How do I know I need to improve my listening? If you find that you often interrupt your partner or get impatient when they are speaking “too long,” you could benefit from being a better listener. Things you may hear your partner say are “You don’t get it," "You aren’t listening," "That's not what I said, I feel unimportant.” This can indicate a problem with deeper understanding, especially during conflict.
When we are interested and having a positive interaction, it can be easy to listen. When there has been conflict or the subject is boring, this is usually when our listening skills start to deteriorate.
Suspend our own agenda. You can’t really listen when you are focused on what you want to say.
Be interested. Take a genuine interest in how your partner is feeling in the situation, if what they are saying doesn’t make sense, tune in more.
Be a reporter. Focus enough that you would be able to write an article about it. Sometimes taking notes can help you focus.
Ask questions. This is part of being interested as well, when someone asks questions for understanding, you can tell they are invested in understanding.
Make eye contact. Don’t look at your phone, look away, or roll your eyes. Eye contact is a great way to physically show you are listening.
Use minimal encouragers. Instead of staying silent, add in some acknowledgment like “mmhmm, yes, ok, that makes sense” and head nodding.
Avoid judgment. Focus more on understanding their perspective, find out why it is they feel the way they do.
Avoid advice-giving. Your partner doesn’t necessarily need your help to figure it out. If they ask for advice, that is the best time to give it.
Avoid defensiveness. Focus on their perspective for the time being.
Breathe and self-soothe if you get overwhelmed or flooded. It’s ok to ask for a break if you need one.
Provide a summary before you respond and give them a chance to correct or add anything.
Find something to validate about your partner’s feelings.
Ask your partner if they feel understood. If not, ask what you are missing, and if so, now it is finally your turn to respond.

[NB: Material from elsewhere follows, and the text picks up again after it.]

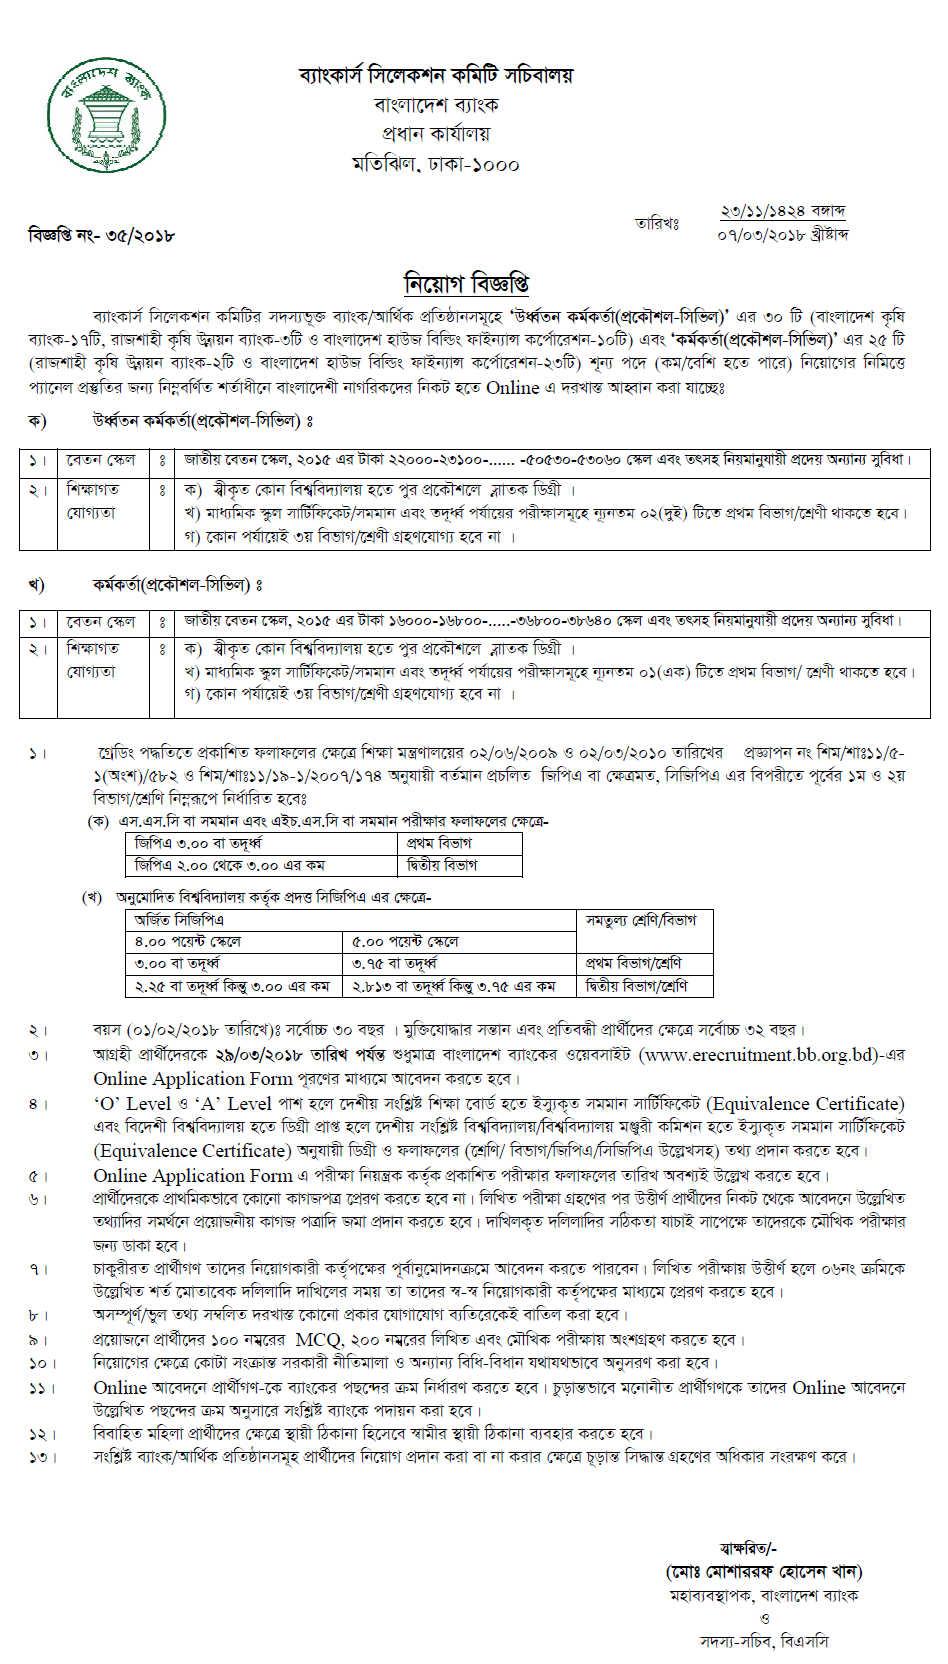 Bangladesh Krishi Bank Jobs Circula

The takeaway is that listening is a very important part of communication. If you’ve experienced trouble with your communication or even if you haven’t, it can always be beneficial to work on your listening skills. There is nothing more pleasant and validating than feeling heard by somebody.
If you find you need a bit more help in your relationship, finding an effective counselor can be a good idea. Sometimes we need a neutral third party to guide us into understanding.